Airline issues stark warning about the ‘profound effect’ Covid has had
Aer Lingus has suffered a €1bn swing in its net debt position, the same amount that it will soon need to spend to replace its fleet of 20 aging short-haul aircraft.
The now loss-making airline issued the stark warning in a Labour Court submission, and said that the damage it is has suffered from Covid meant that it is already unable to compete with Ryanair on European routes.
The revelations are part of a detailed submission to the Labour Court where it is currently locked in a process with trade union representatives of ground staff.
It has warned Siptu that failure by its members to accept the pay freeze and cutbacks it is seeking could see it adopting an outsourcing model, rather than the direct-employment model it currently operates for ground-handling.
“This is not, as has been suggested by some, an employer looking to maximise an opportunity. It is a necessity,” the airline warned.
The airline outlined how it had experienced a more than €1bn swing from cash to net debt, and said its financial situation “will deteriorate further when the full-year results for 2021 are included”.
It had gone from being €277m cash positive at the end of 2019 to having net debt of €546m at the end of the first half of 2021, it said.
“That is a decline of €823m. When you factor in the profitability we would have expected to achieve in a normalised year (in 2019 it was €275m), that is a swing of over €1bn. This situation will deteriorate further when the full-year results for 2021 are included.
“To put that in a relevant context for you, that €1bn would have paid in full for an entire re-fleeting of our short-haul aircraft,” said the submission.
“Aer Lingus has had to add significant debt – €300m – purely to survive Covid. The terms of these debt structures are at commercial rates and therefore must be repaid with interest.
"This money must be repaid in the next three years and further debt may well be required if the new Omicron variant continues to seriously depress travel. Funding for aircraft re-fleeting is required on top of this, to ensure the long-term future of the business.
“Aer Lingus has the oldest short-haul fleet in the IAG group. Prior to the pandemic, this was the single greatest issue that the business needed to address. Aer Lingus needs to replace over 20 aircraft over the next eight years to avoid shrinking significantly.

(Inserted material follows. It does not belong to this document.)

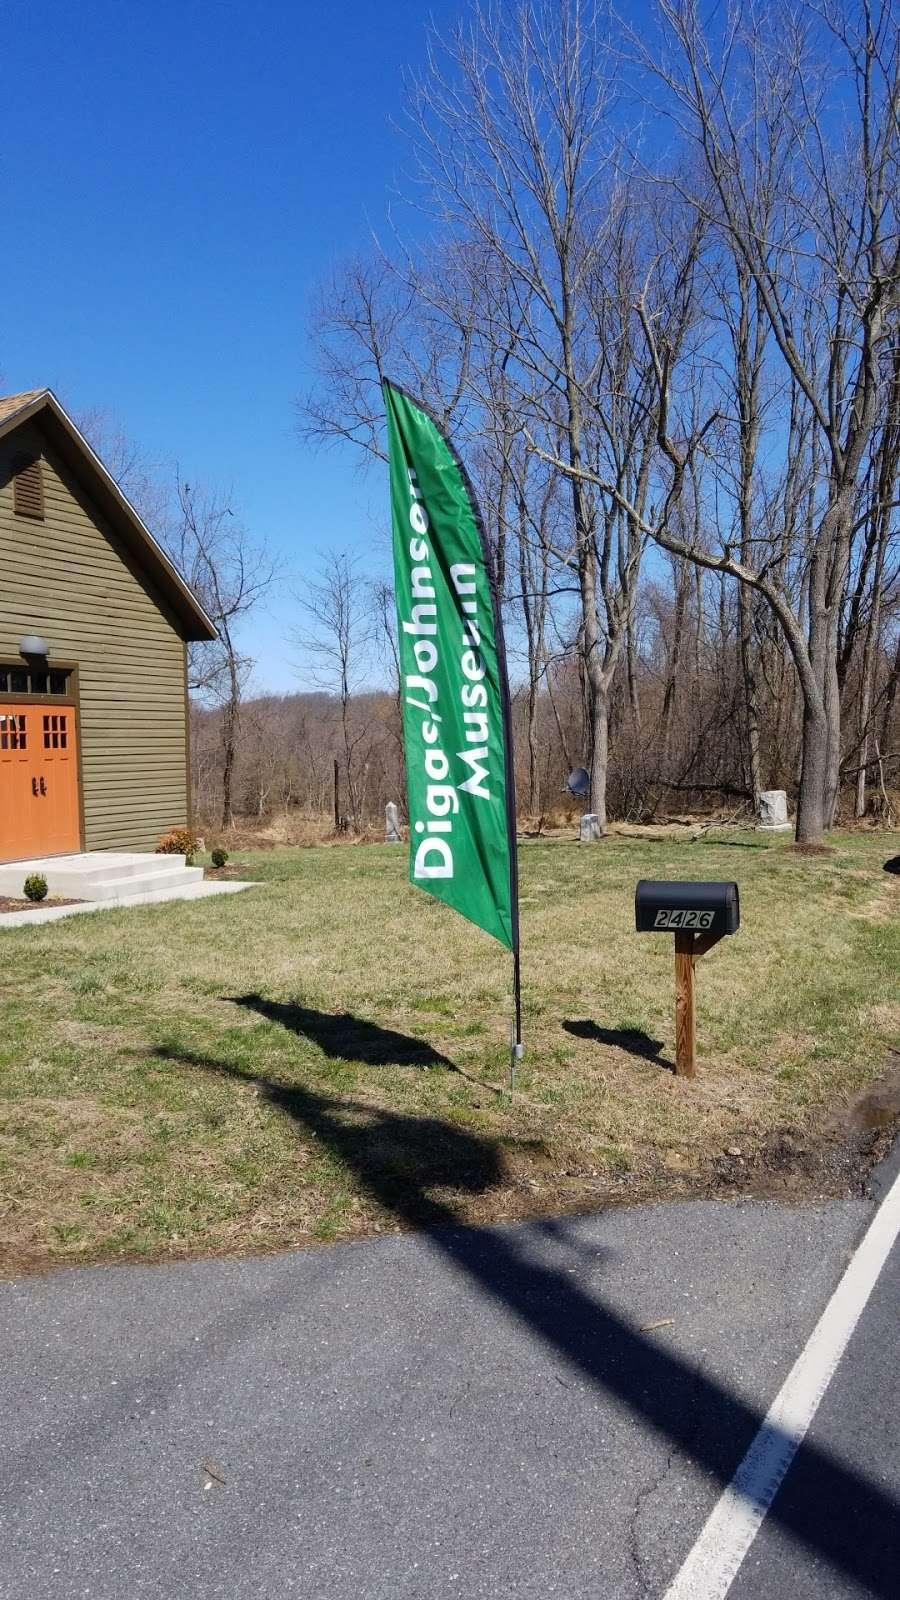 Diggs Johnson Museum - museum  | Photo 2 of 5 | Address: 2426 Offutt Rd, Woodstock, MD 21163, USA | Phone: (443) 675-7282

This will cost approximately $1bn.”
The airline warned that its short-haul operation had already decreased in size due to Covid – going from 37 aircraft in 2019 to 30 aircraft in 2022.
“The impact of the short-haul operation shrinking will also start to impede on our long-haul fleet growth, as the ability to connect into continental Europe is restricted. Either we can operate efficiently and profitably enough to finance this re-fleet, or we have far fewer airplanes and far fewer jobs,” it said.
Aer Lingus is also facing significant competitive pressure from Ryanair.
“Ryanair has been able to launch a far more extensive short-haul rebuild than us. This is because they have a cost base that allows them to put really low fares in the market to drive demand. We cannot put capacity in the market at these prices – it would only add to our losses.”
The airline blamed Irish Covid restrictions that were much more rigid than elsewhere, saying “our capacity, our load factors and our forward bookings remain well below where they need to be.”
In its peak month of August 2021, its capacity had reached just 30pc – even after EU travel had reopened in July.
“While the US did open again on November 8 and we did experience a pick-up in numbers (off a very low base), our booked loads for the coming winter season are significantly below break-even for the vast majority of our routes. Our forward bookings for the coming months also remain far below normal levels.
"This was the case before the recent Omicron developments and therefore this position is likely to be further exacerbated.”
It said despite offering “extremely competitive” round-trip fares to Newark of €208 and €317 to Orlando, it still had “lots of capacity”.
“People are not booking at this point. Very few want to travel this winter. The level of losses will significantly exceed anything we have seen before,” it said.
Although it planned getting back to 80pc of normal capacity by March and was continuing to add capacity to protect slots, if uncertainty continued into January “we may be forced to revisit our operational plans” for the rest of 2022.
“We are attempting to rebuild in a very uncertain world – and nonetheless we remain ambitious for a more normal summer in 2022. The alternative is unthinkable.”
The detailed warning to the Labour Court about the future of the airline was in response to the refusal by staff at Dublin Airport to accept three elements of an overall structural change plan already agreed by cabin crew and pilots.
Ground staff, who spent much of the past two years on greatly reduced wages, have refused to accept a pay freeze, a 10pc reduction in roster duty allowance payments, and the removal of a scheme that incentivised staff to charge passengers for excess baggage.